Synopsis: Richard Exley writes this book as a series of fictional letters to a grieving person given the name “David”.  David is a composite of persons Exley worked with as a Pastor and what is written to him could easily be applied to either gender.  The book is small (128 pages) and is specifically focused on grieving the death of a loved one. This 20th anniversary edition features prayers and scripture meditation, as well as a new introduction and epilogue. The book as well as this review are written from a Christian perspective.

Positives: Exley writes with tenderness and compassion. He does not pretend to have all the answers, but aims to give words of comfort to those who grieve and let them that they are not alone and have not been forsaken. The message is that God’s love runs deeper than the pain they are experiencing and there is a reason and purpose for what they are going though – however unclear it may be.  He writes with detachment, but also as one who has experienced his own share of loss. The scriptures and prayers were excellent and it is not too heavy of a read.

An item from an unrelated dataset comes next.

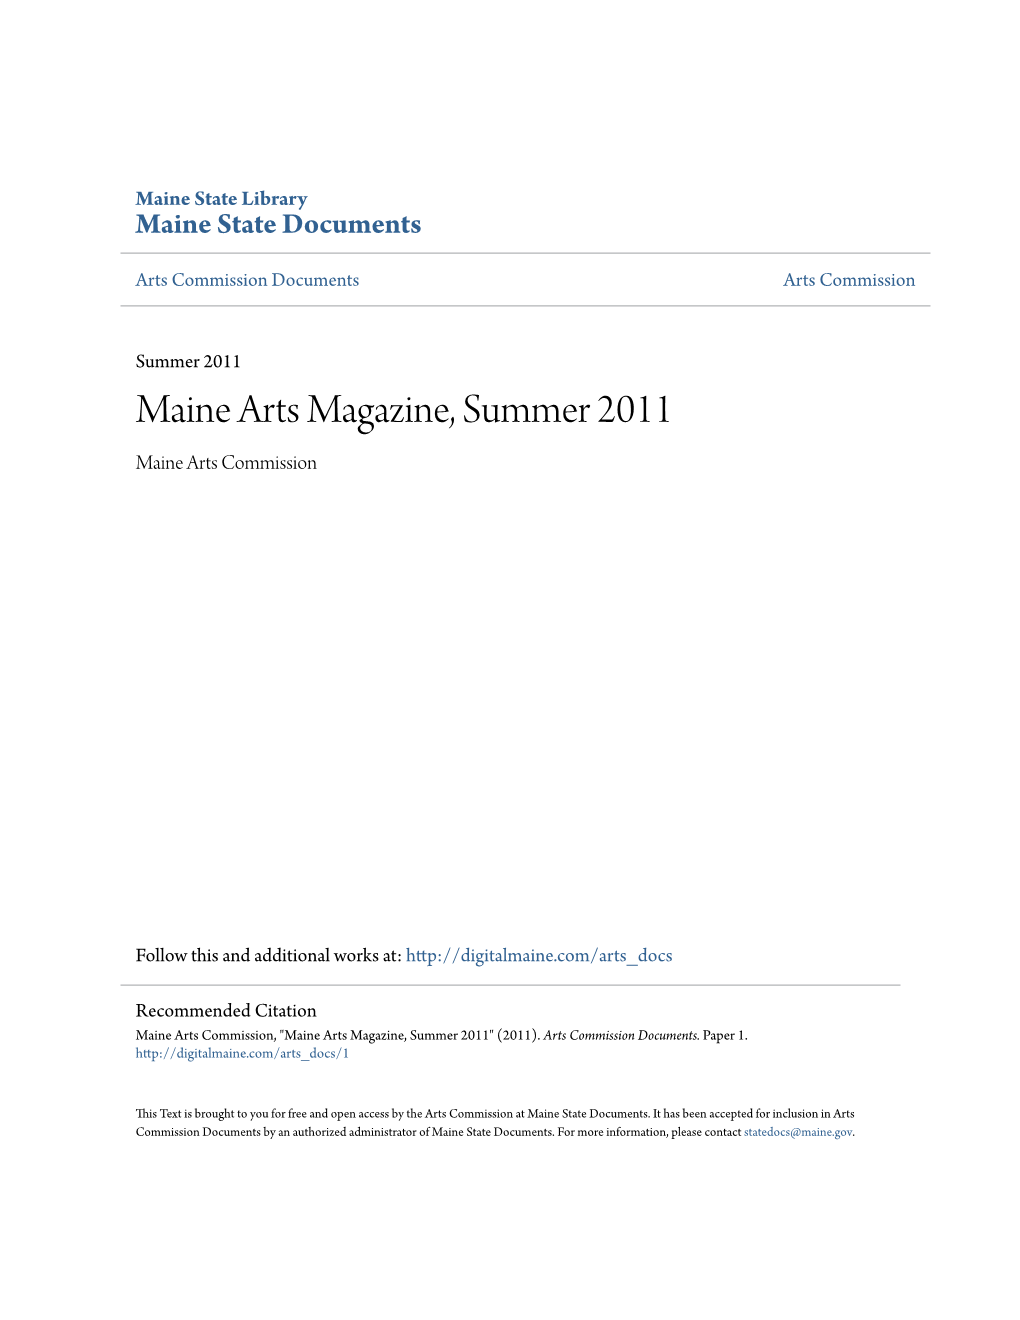 Maine Arts Magazine, Summer 2011 Maine Arts Commission

Negatives: In one part of the book, Exley mentions that the grieving process can take up to two years. In another place, he mentions that it can take 2 to 3 years. In a third place, he mentions that it can take at least 2 years. Rather than putting a time frame on this kind of thing, it may have been more helpful to mention that it often takes a very long time to grieve – usually longer than you might expect. It might even linger for a lifetime. Also, Exley includes a chapter on what a comfort it is to know that a loved one has gone on to be with the Lord. He provides no coverage for deaths where the loved one might not have gone on to be with the Lord (though this is indirectly covered in sections alluding to the sovereignty of God).

Summary: As believers in the resurrected Christ, we have comfort in knowing that the grave does not have the final word. The night is full of darkness, but death has been swallowed up in victory. Mourning will give way to a new and better morning and there will be no more sorrow, loss or pain. In the meantime, God is with us in the midst of overwhelming grief. Sometimes he holds us by our right hand. Other times, it is a full embrace.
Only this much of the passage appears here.